RTMPose: Real-Time Multi-Person Pose Estimation based on MMPose (2303.07399v2)

Published 13 Mar 2023 in cs.CV

Abstract: Recent studies on 2D pose estimation have achieved excellent performance on public benchmarks, yet its application in the industrial community still suffers from heavy model parameters and high latency. In order to bridge this gap, we empirically explore key factors in pose estimation including paradigm, model architecture, training strategy, and deployment, and present a high-performance real-time multi-person pose estimation framework, RTMPose, based on MMPose. Our RTMPose-m achieves 75.8% AP on COCO with 90+ FPS on an Intel i7-11700 CPU and 430+ FPS on an NVIDIA GTX 1660 Ti GPU, and RTMPose-l achieves 67.0% AP on COCO-WholeBody with 130+ FPS. To further evaluate RTMPose's capability in critical real-time applications, we also report the performance after deploying on the mobile device. Our RTMPose-s achieves 72.2% AP on COCO with 70+ FPS on a Snapdragon 865 chip, outperforming existing open-source libraries. Code and models are released at https://github.com/open-mmlab/mmpose/tree/1.x/projects/rtmpose.

References (67)

Citations (105)

View on Semantic Scholar

Summary

The paper leverages a top-down approach with RTMDet and a CSPNeXt backbone to overcome detection latency and boost pose estimation accuracy.
It introduces SimCC, converting keypoint localization into a classification task that reduces computational cost versus traditional heatmap methods.
Extensive tests across CPUs, GPUs, and mobile devices show RTMPose achieves over 430 FPS, supporting real-time industrial applications.

RTMPose: Enhancing Real-Time Multi-Person Pose Estimation

The paper "RTMPose: Real-Time Multi-Person Pose Estimation based on MMPose" addresses the challenges and requirements of efficient pose estimation for industrial applications. The authors propose a comprehensive framework named RTMPose, which redefines multi-person 2D pose estimation by optimizing model architecture, training strategies, and deployment processes. This essay explores the core components of the paper and analyzes its implications for real-time applications.

Key Contributions

The research presents RTMPose as an optimization over existing pose estimation methodologies, specifically focusing on bridging the gap between academic benchmarks and industrial performance requirements.

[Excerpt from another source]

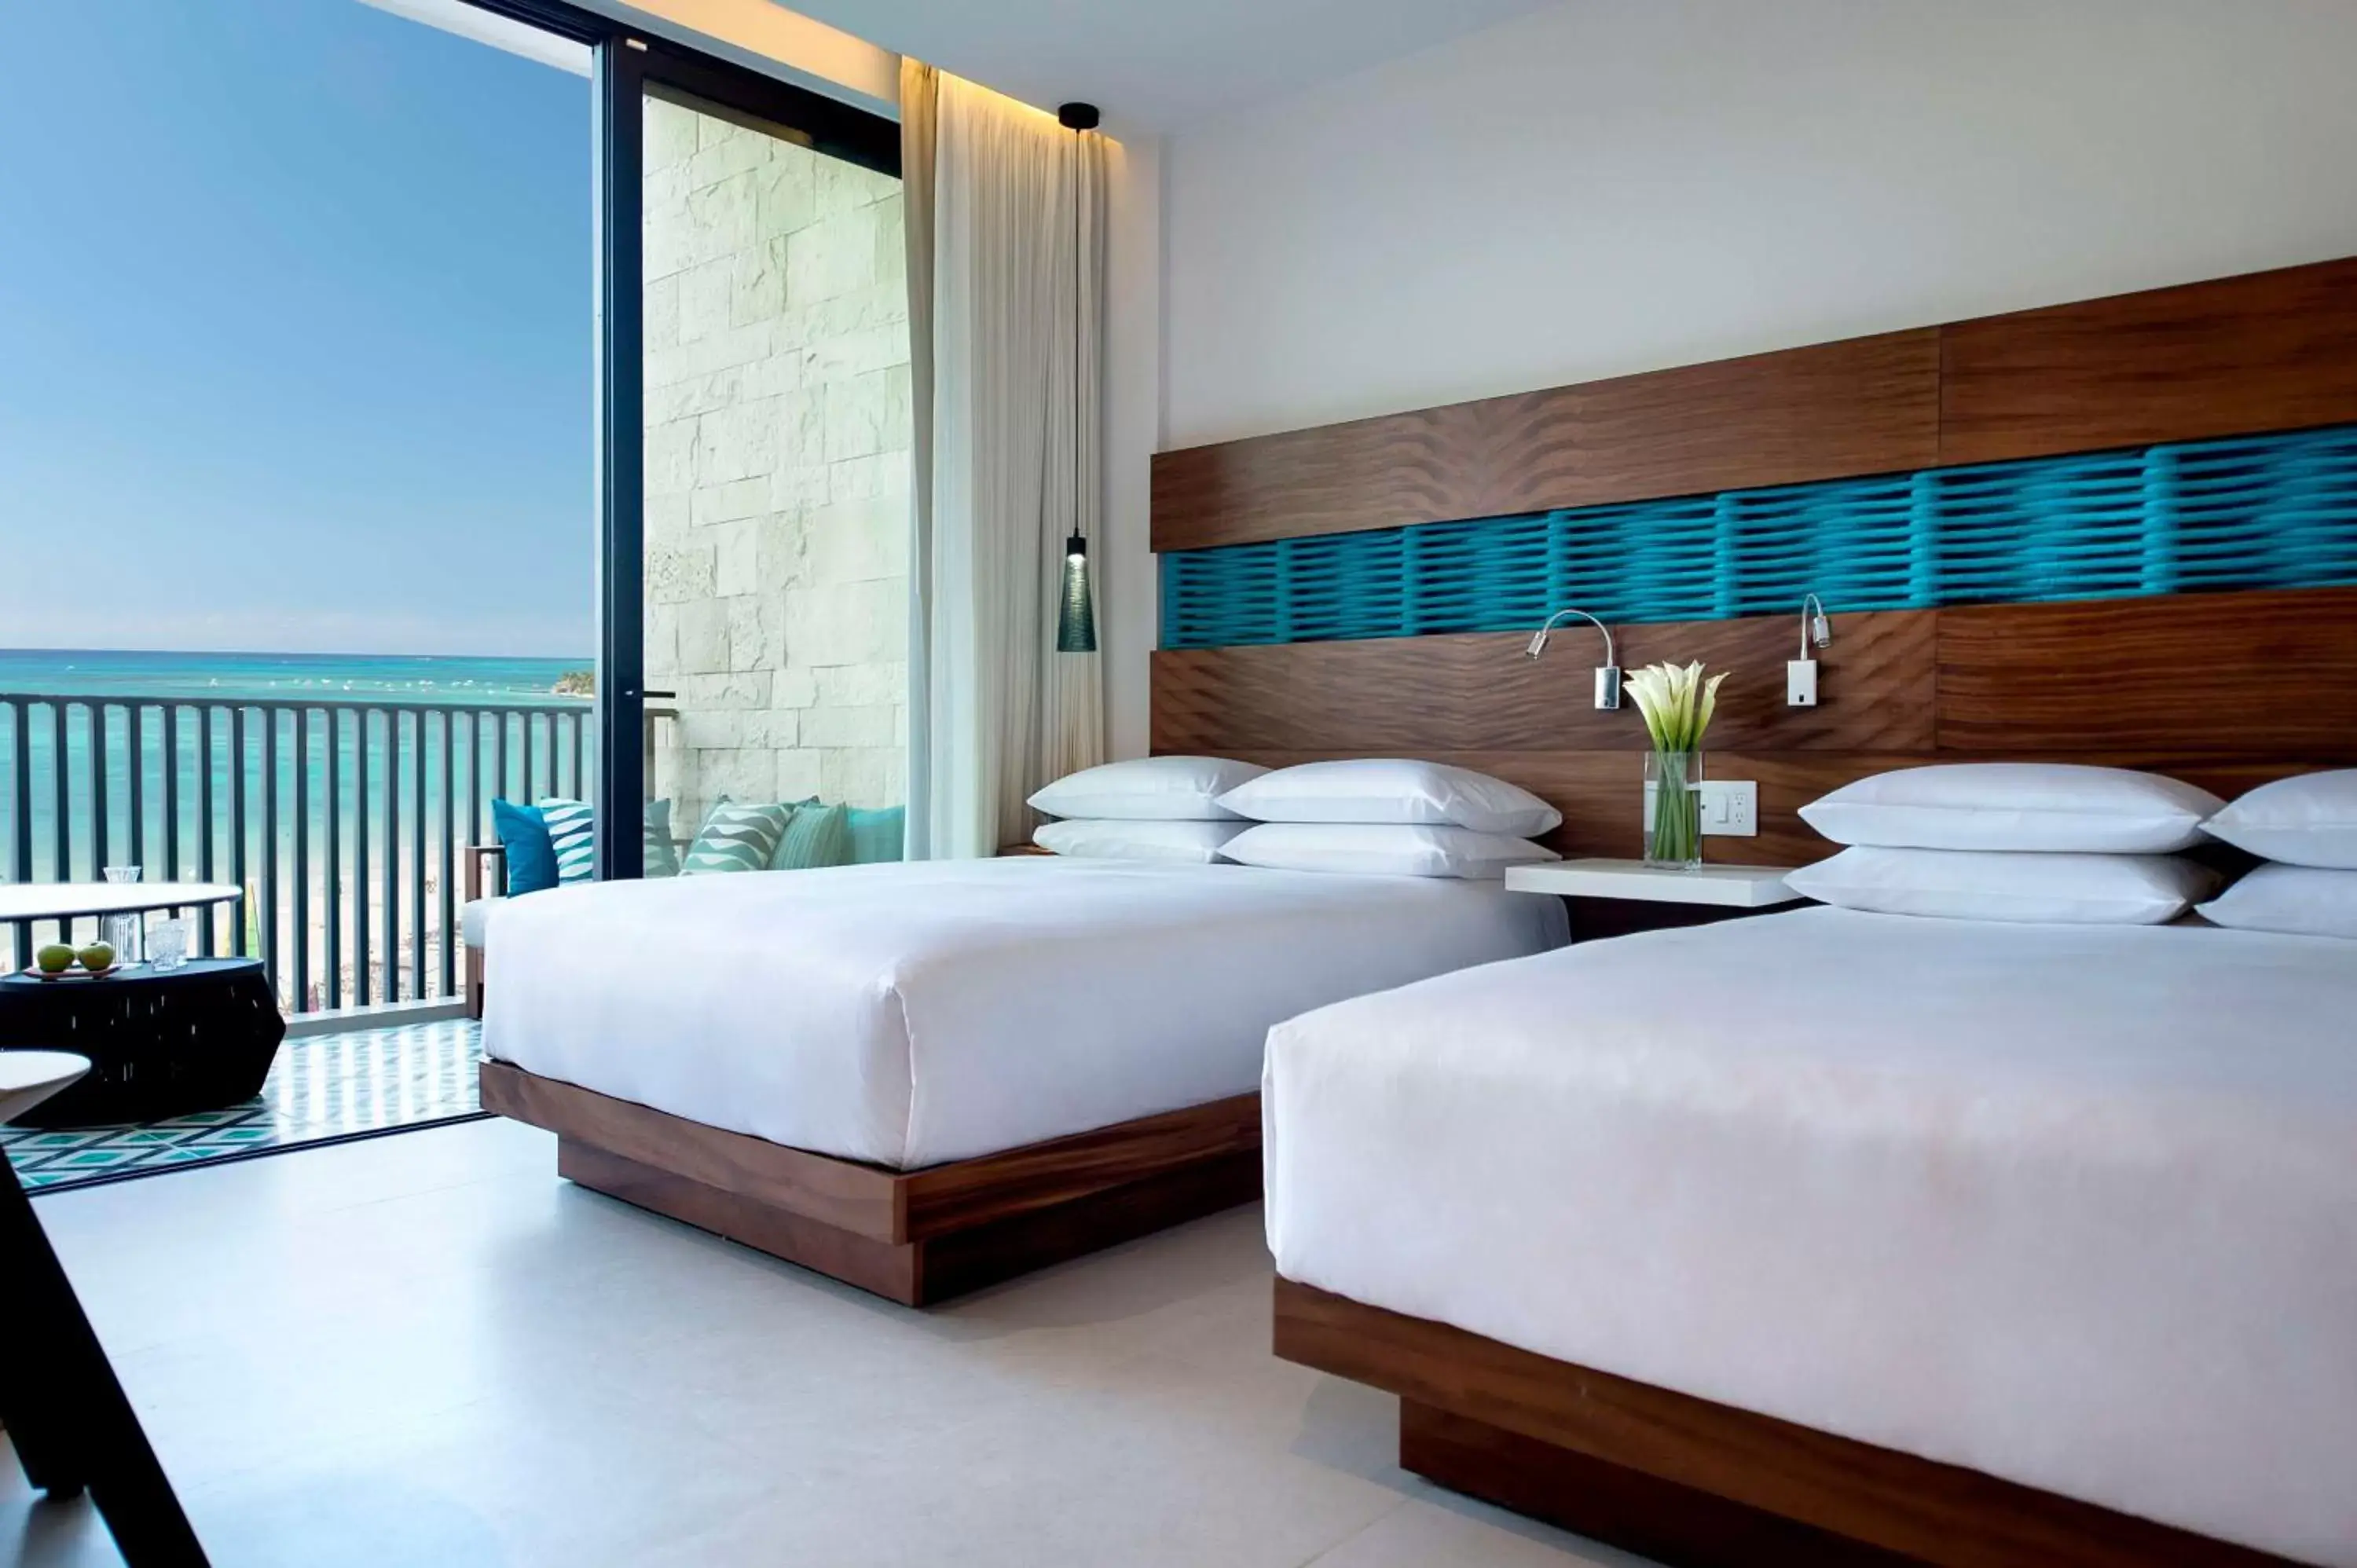 Bedroom, Bed in Grand Hyatt Playa del Carmen Resort

Model Architecture and Paradigm: RTMPose utilizes a top-down approach, known for accuracy but typically hindered by detection latency. By leveraging efficient real-time detectors like RTMDet, the authors effectively eliminate detection as a bottleneck. The implementation of CSPNeXt as the backbone ensures a balance between computational cost and accuracy.
Coordinate Classification with SimCC: The paper introduces an innovative approach by utilizing SimCC for keypoint localization, transforming it into a classification task. This results in reduced computational effort compared to conventional heatmap-based methods and facilitates deployment across diverse platforms.
Training Enhancements: The researchers systematically refine training strategies, employing a two-stage augmentation technique and strategic optimization processes. These adjustments yield significant performance improvements across the RTMPose models.
Real-Time Deployment: Extensive tests on multiple hardware setups, including CPUs, GPUs, and mobile devices, underline the framework's flexibility and efficiency. RTMPose achieves notable speeds, with RTMPose-m operating beyond 430 FPS on an NVIDIA GTX 1660 Ti, thereby outpacing existing solutions.

Numerical Results

RTMPose demonstrates compelling performance across various datasets:

COCO: The RTMPose-m attained 75.8% AP with a notable 90+ FPS on CPU, while RTMPose-x achieved 65.3% AP on COCO-WholeBody. These metrics highlight a strong performance-speed trade-off crucial for practical applications.
COCO-SinglePerson and CrowdPose: The models outperformed existing alternatives tailored for specific single-person scenarios, reinforcing the versatility of RTMPose.
Inference Pipeline Efficiency: Results from Snapdragon and Intel devices showcased significant improvements in latency, enabling RTMPose to support real-time applications effectively.

Practical and Theoretical Implications

The advancements presented in RTMPose elevate its relevance for applications demanding real-time pose estimation such as augmented reality, human-computer interaction, and surveillance systems. The techniques refined here could inspire further research into efficient model architectures tailored for constrained and resource-lean environments.

Future Directions

Further exploration into integrating more advanced neural network architectures like transformers could potentially enhance the spatial understanding in pose estimation tasks. Additionally, leveraging multi-task learning could be a path to simultaneously address related tasks such as activity recognition and semantic segmentation.

In conclusion, the RTMPose framework represents a significant step forward in bridging the divide between theoretical advancements in pose estimation and their practical applicability. Its performance metrics and versatile architecture offer a robust foundation for future innovations aimed at enhancing real-time human pose estimation capabilities.